The Health Claim Veracity Prediction API is a robust machine learning system designed to verify the accuracy of health-related claims. This project aims to address the growing prevalence of misinformation, particularly in the health sector. By leveraging advanced Natural Language Processing (NLP) models, the API evaluates the veracity of a given health claim and classifies it into categories such as “True,” “False,” “Mixture,” or “Unproven.” The API is structured to be highly scalable, containerized using Docker, and deployable on Kubernetes, enabling reliable performance and ease of integration into various applications.
The objective of this project is to build an end-to-end MLOps pipeline for a public health claim verification service.
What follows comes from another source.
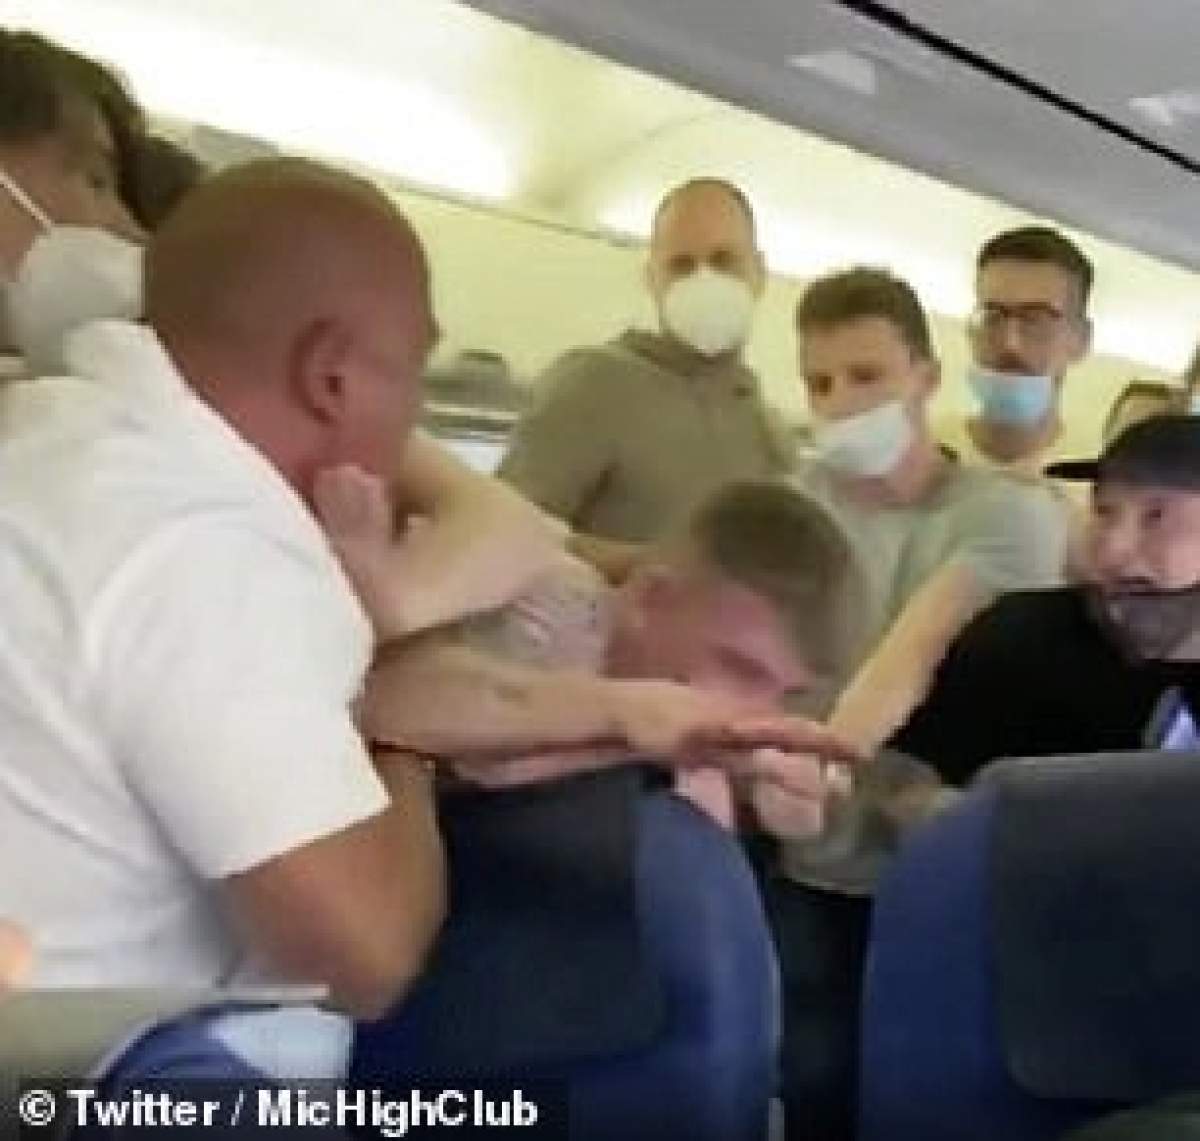 Scene incredibile într-un avion! Pasagerii s-au luat la bătaie, din cauza măștii de protecție / VIDEO

This includes data ingestion, model training, API creation, and deployment in a scalable environment, with monitoring and retraining capabilities.
The pipeline comprises the following stages:
- Data Collection
- Data Processing
- Model Selection
- Training, Evaluation, and Optimization
- Deployment
- Monitoring and Updates
pip install -r requirements.txt
The dataset used for this project is health-related claim data from publicly available resources. processed to ensure consistency, relevance, and suitability for model training. Key preprocessing steps include:
- Text normalization, tokenization, and stop-word removal.
- Creation of training, validation, and test datasets.
- Exploration of feature engineering techniques to enhance model inputs.
Script: ingest.py
This script downloads the data and saves it in a user-defined folder (default is data/
). The following command demonstrates how to run the script:
python ingest.py --output_dir data/
After data collection, the next step is to process it for model training. This step involves cleaning, tokenizing, and formatting the data for compatibility with transformer models.
Script: prepare.py
This script processes the ingested data, saving the output in a format ready for training.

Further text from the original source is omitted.